For the Record: I Don’t Want Us To Go To Mars It

For the Record: I Don’t Want Us To Go To Mars

It occurred to me the other day that, because I so often talk about terraforming Mars, many of you may think I want us to go there. Nothing could be farther from the truth.

I do not want it. But I think it is the only option left open to us. I believe Mars is the only hope we have of survival.

Where do you think climate change is going to end? Hopefully you are not in the list of those who still cling to the belief climate change is a myth. The short-term thinkers who have long held that position are not talkable to. They know best. They need not listen. They will not listen.They have their own agenda. One aimed at their own well-being in the next twenty or thirty years. But being a climate denier is not the only mistake we can make here.

Twenty or thirty years has always, in the past, been plenty of lead time to address any problem, so I really can’t blame those who do so for thinking only short term. And thirty years is very short term. But they are just being selfish, now. Thirty years into the future, and individual well-being for any length of time, are no longer the most important things to consider.

One of the things which I commonly encounter, and always find outlandish, is the belief that all life on Earth is not, in the least, threatened. Something will survive, no matter how much climate changes. Humanity may be threatened, but not lie itself. That is the most widely held belief, even–perhaps most notably–amongst the scientific community. Nonetheless, I find it ridiculous.

There are many more known planets which are sterile than there are lightly occupied planets. In fact, there are no known lightly occupied planets. The reason, although seldom acknowledged, is simple: It is far easier for nature to produce sterile planets than lightly occupied planets. If you doubt that, just look around.

“But, …  But . . .” you sputter. We all know about extremophiles. “Life is tough” we say over and over to ourselves as if that countered our ability to count. Within just our own solar system, which is really the only place we know the numbers, the ratio of places where life exists to places which are sterile is smaller than 1 to about 100. This considers all moons. It also assumes all are, as we now believe, lifeless. The most common means of making them so is just the absence of a breathable atmosphere. That’s easily accomplished–if you are nature.

When you play around with climate, the end result of sterility for the whole planet has to be considered a very likely outcome.

What are the implicationS? Perhaps most importantly, first and foremost, is that “we” has to be redefined. Earth-bsed life being threatened puts us in the same boat with the jellyfish. When I say “we aren’t going to make it, I mean none of us; not the humans, not the invertebrates, not even the cockroaches. No plants. No microbes. We are not going to make it here on Earth. We have to get off this planet.

Space, to me, is not an arena to be explored. It is a possible place where we, in the sense introduced in the preceding paragraph, may be saved.

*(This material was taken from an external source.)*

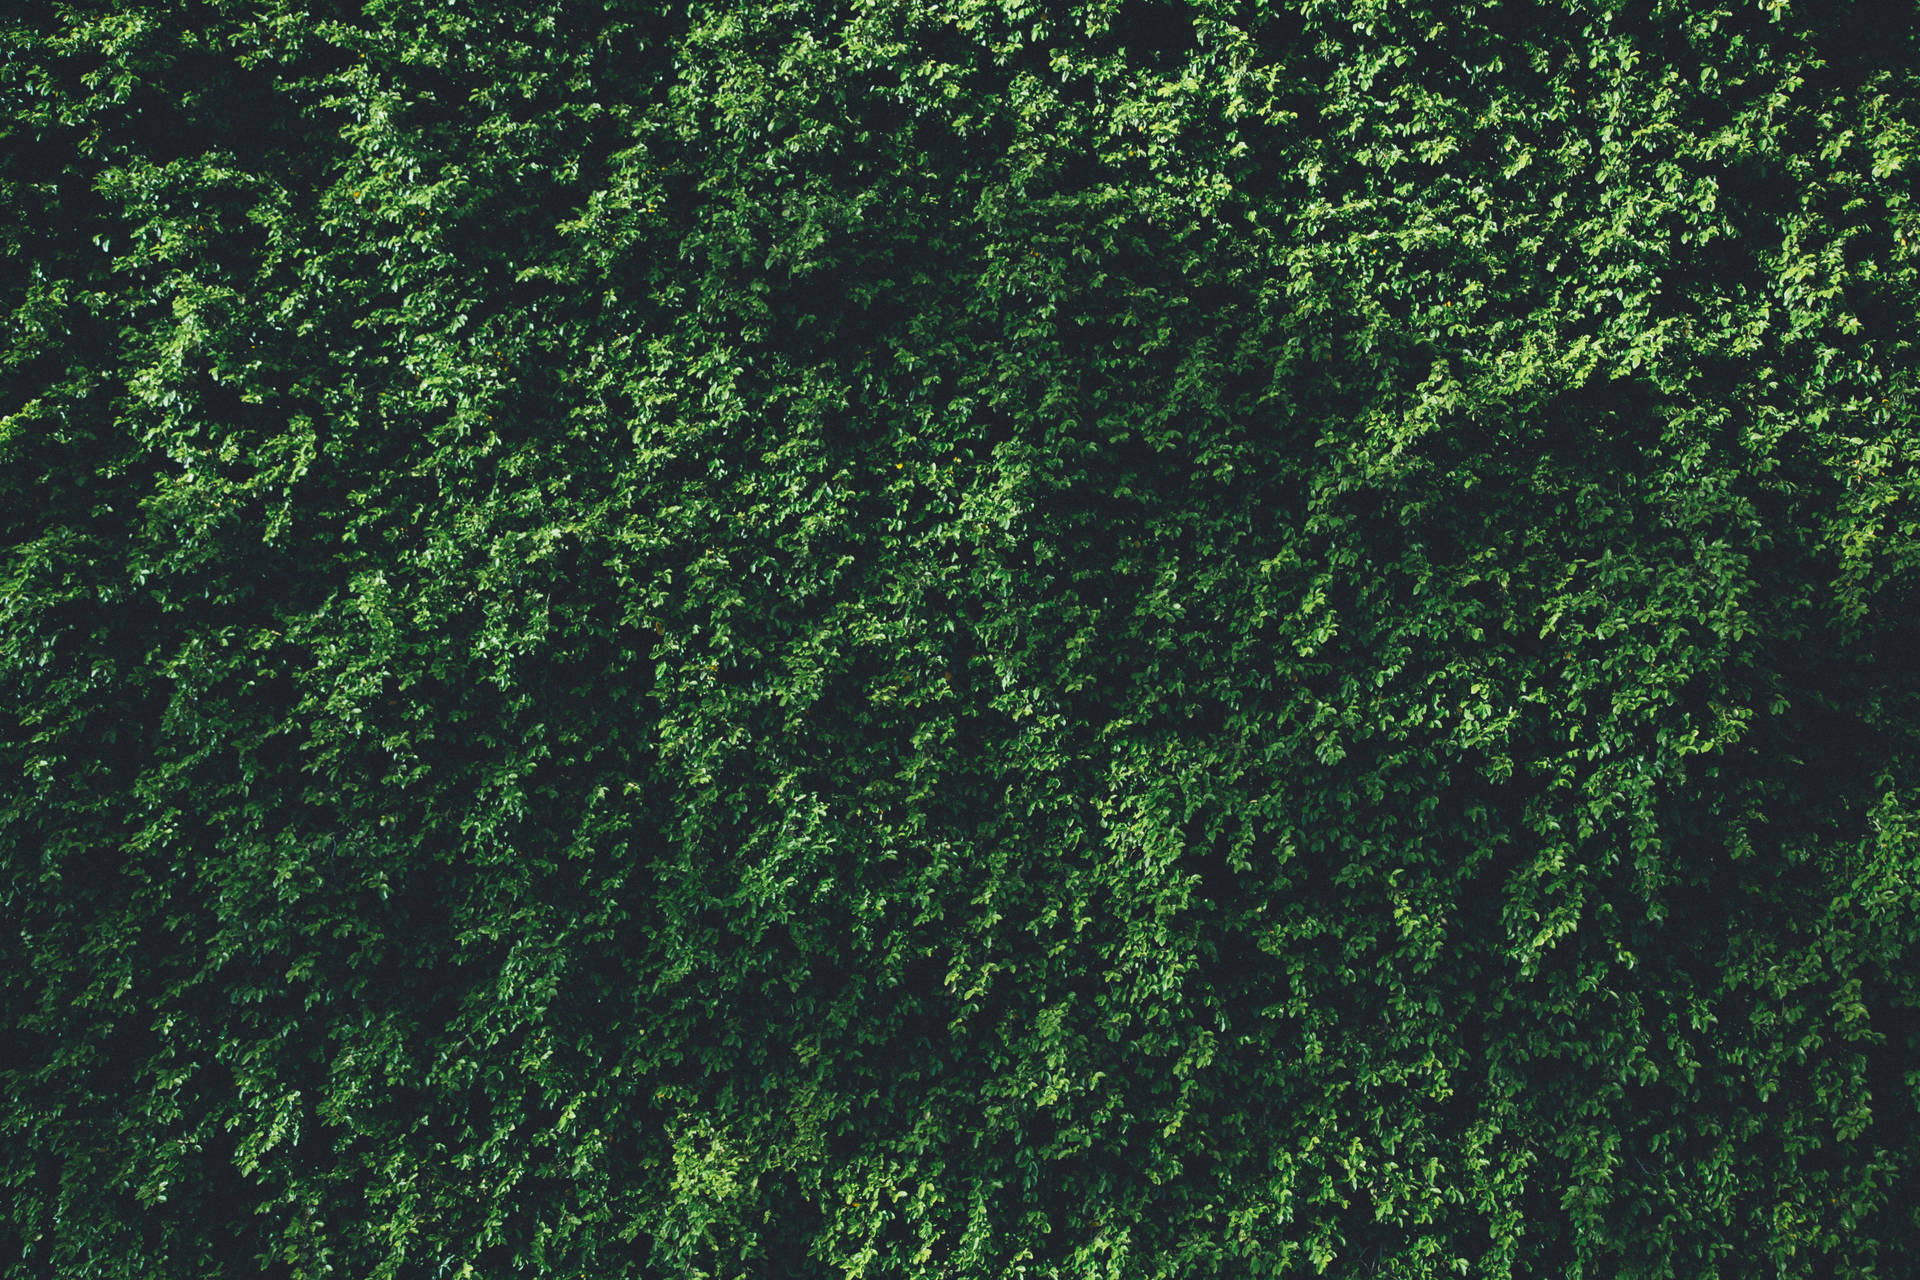 Wall Of Green Leaves

Most of what I advocate stems from this observation. We are not going to make it. We’ve got to get off. I’ve spent several years examining the implications, nuances, and ramifications. No one is listening. Why should they?

If the only suggestion I have is to send something–not even ourselves–to another planet, why should anyone take me seriously.  My answers for that question would take more space than I have here. Or at least so I think.